** Exercise brief **
Leave every picture out, then reproduce the rest of the listing exactly.

** Data **
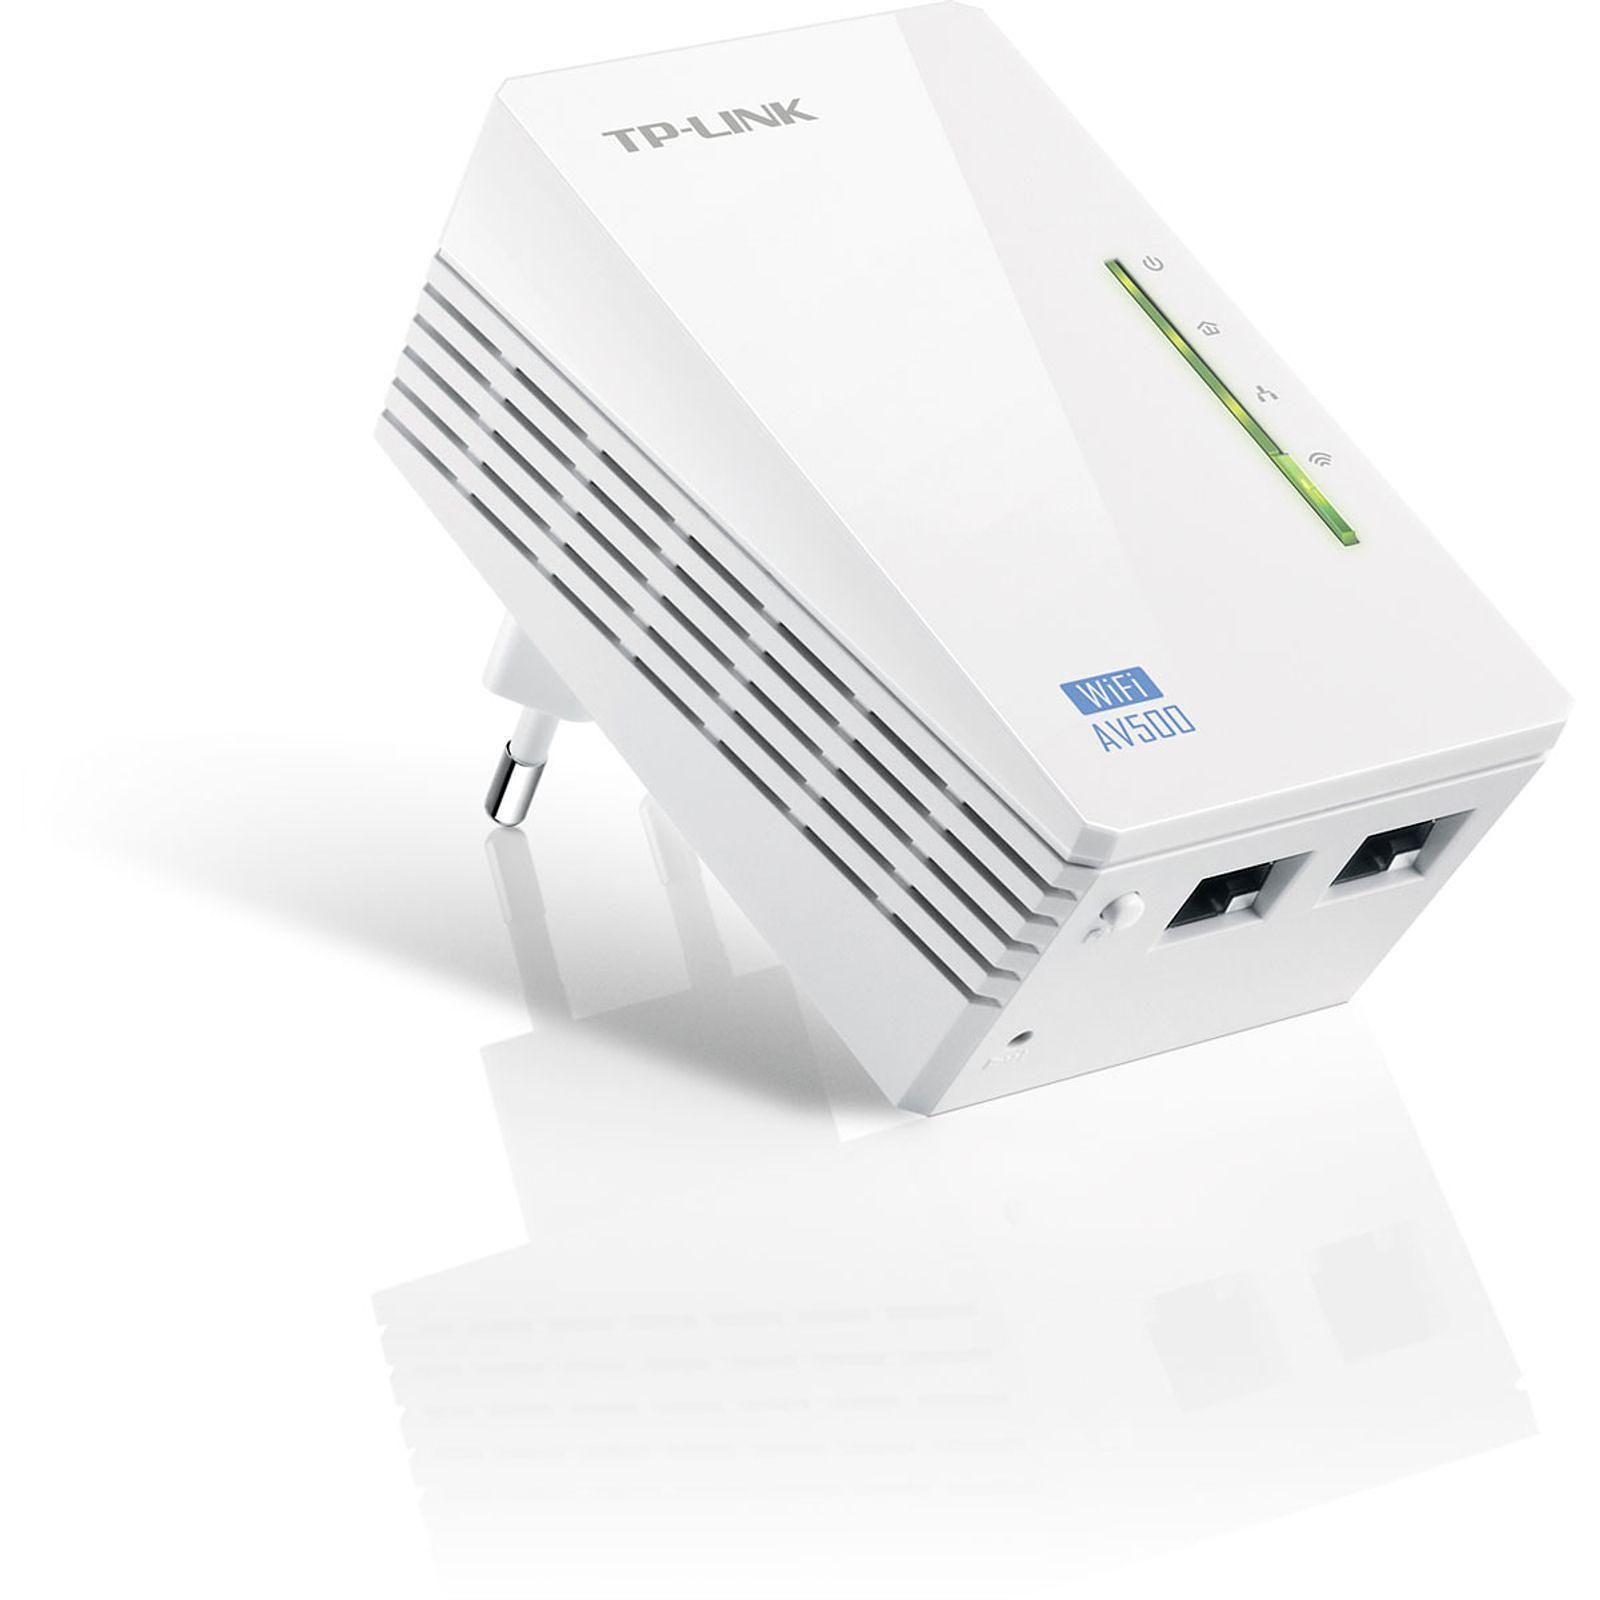 TP-Link TL-WPA4220 WiFi Extender CPL 500Mbps/WiFi 300Mbps - Adaptateur CPL - 2
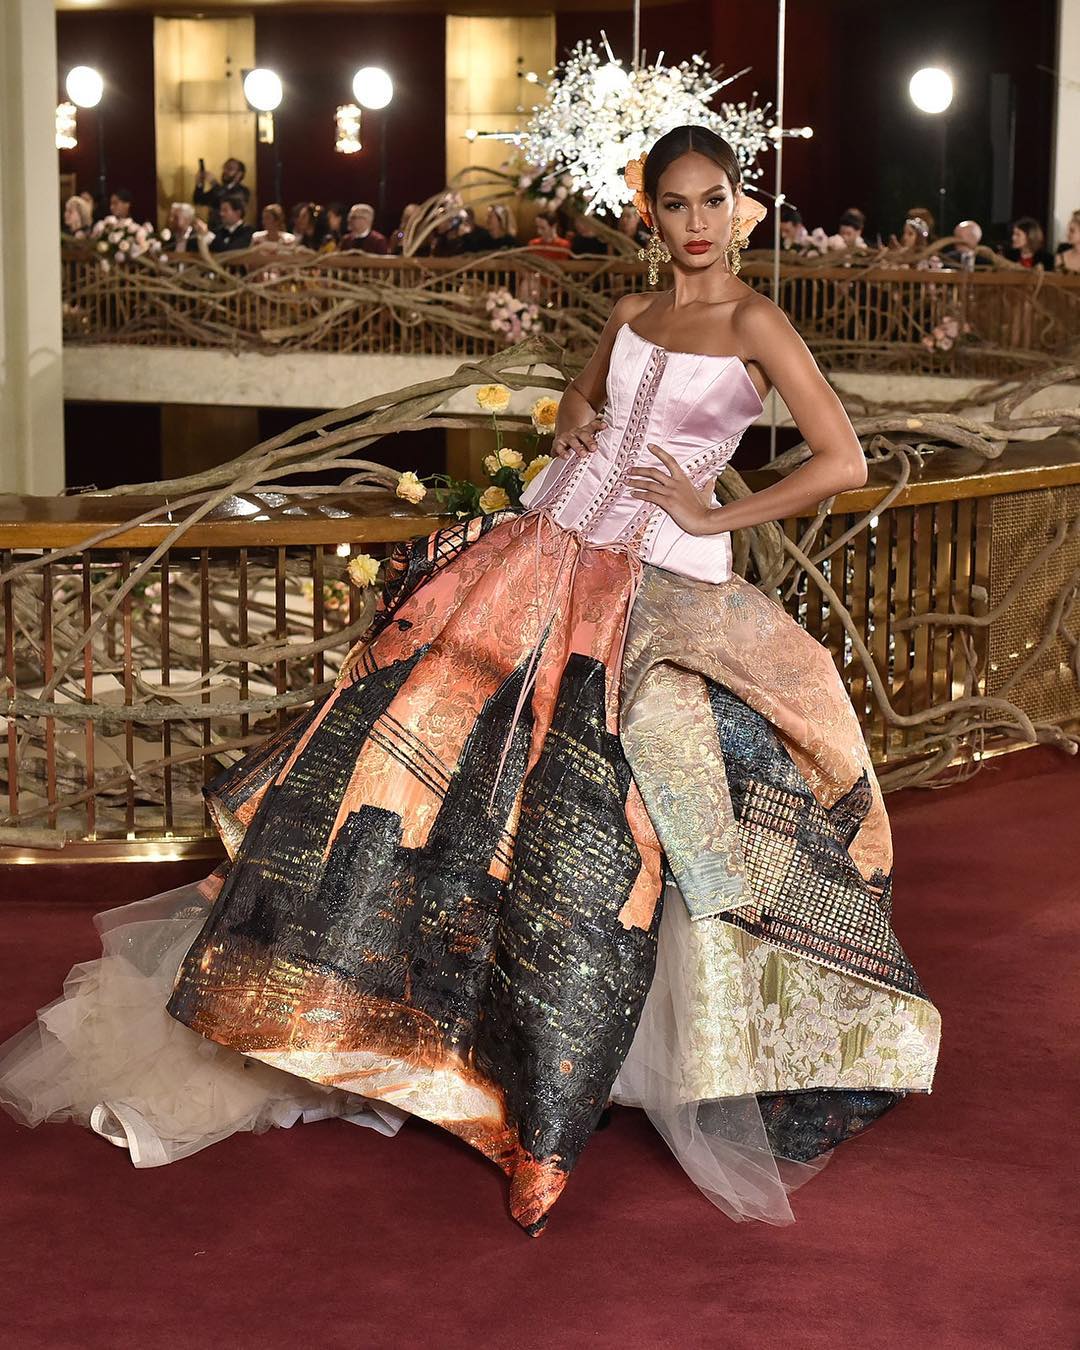 dolce-and-gabbana-presents-an-epic-alta-moda-couture-collection-in-new-york-city
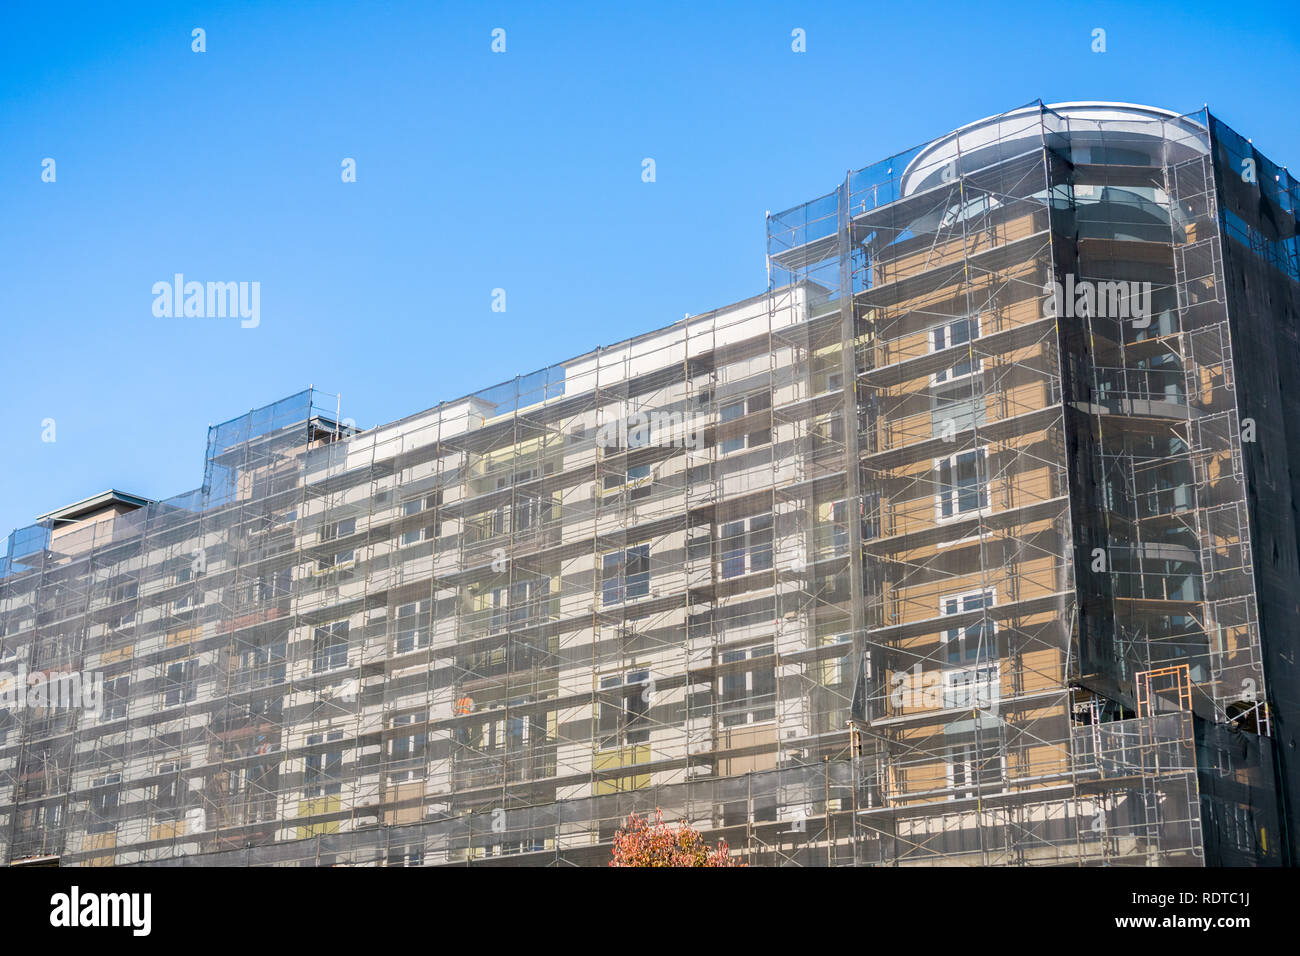 New and modern, multilevel apartment complexes are being built in Sunnyvale, San Francisco bay area, California Stock Photo
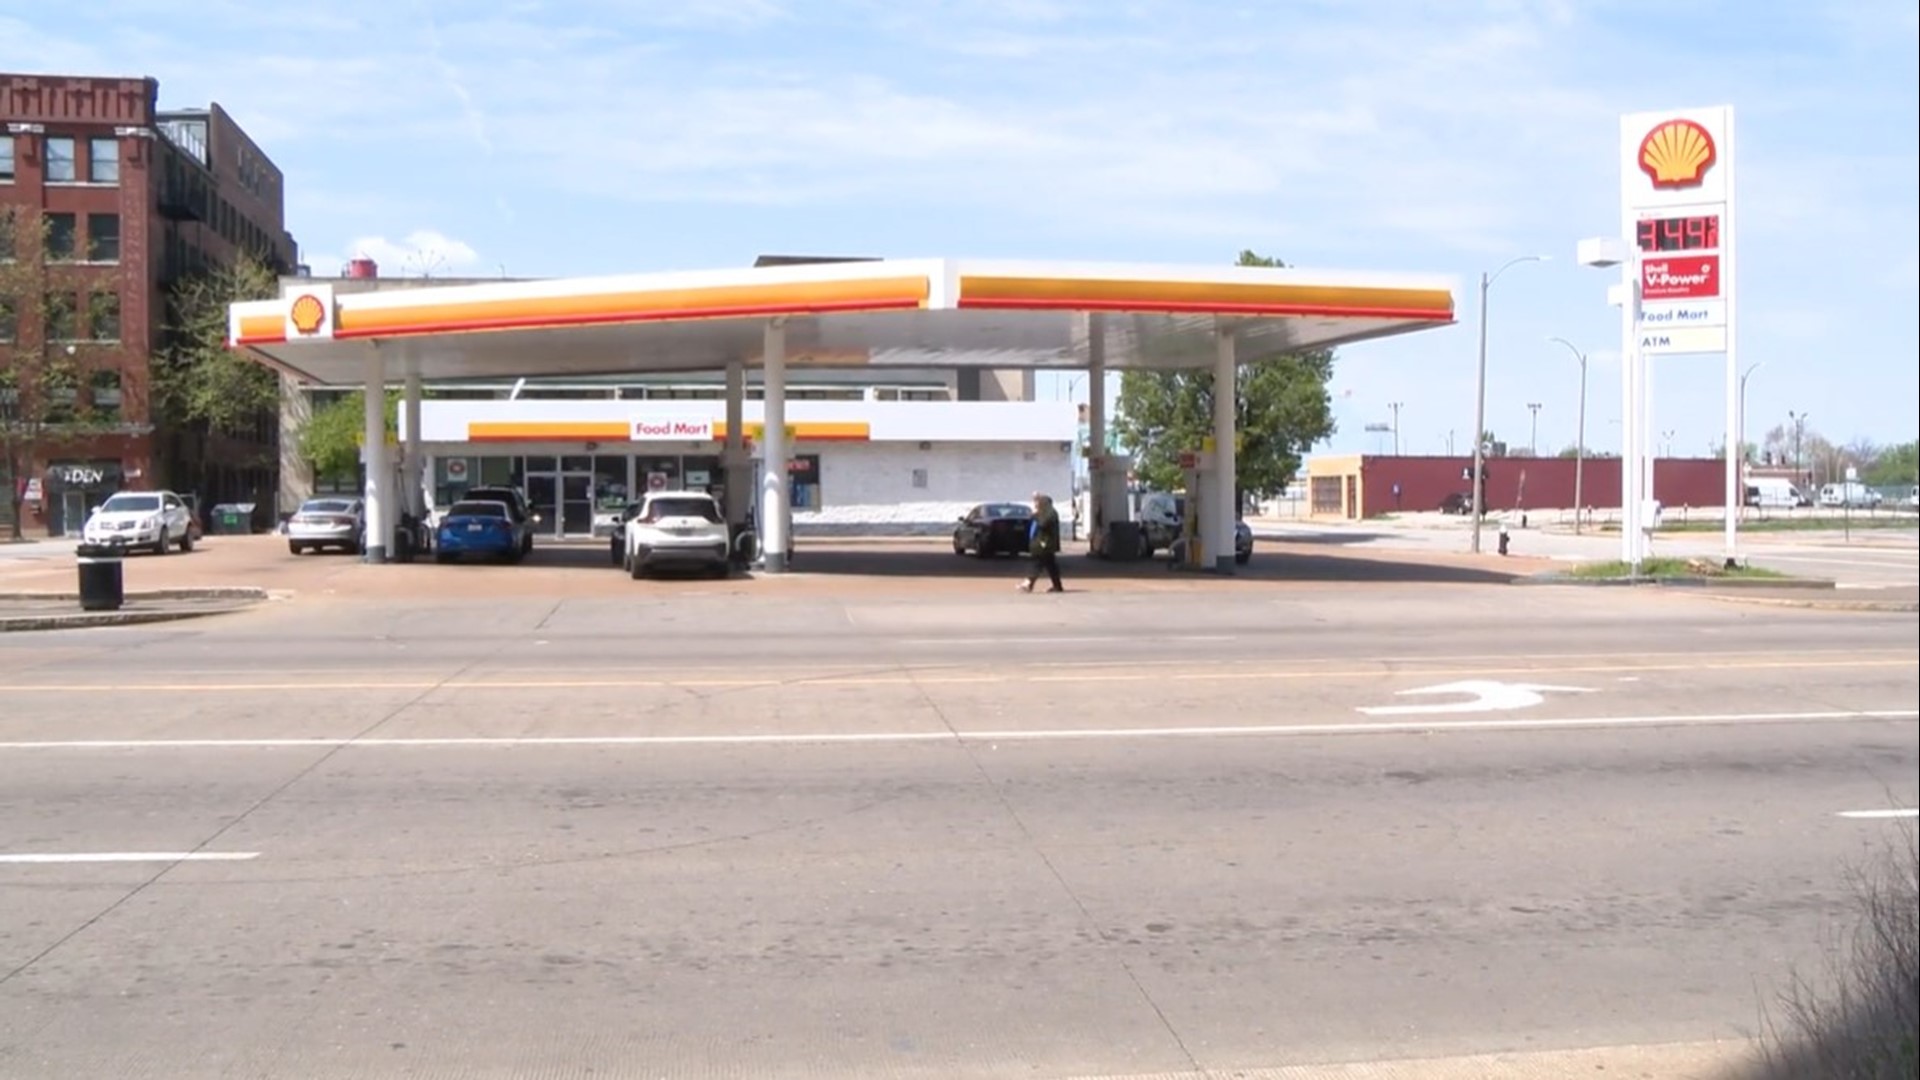 Two separate lawsuits were filed against the gas station, including one with the help of a downtown resident. A judge ruled the gas station will close by Aug. 1.

** Answer for the task **
 TP-Link TL-WPA4220 WiFi Extender CPL 500Mbps/WiFi 300Mbps - Adaptateur CPL - 2
 dolce-and-gabbana-presents-an-epic-alta-moda-couture-collection-in-new-york-city
 New and modern, multilevel apartment complexes are being built in Sunnyvale, San Francisco bay area, California Stock Photo
 Two separate lawsuits were filed against the gas station, including one with the help of a downtown resident. A judge ruled the gas station will close by Aug. 1.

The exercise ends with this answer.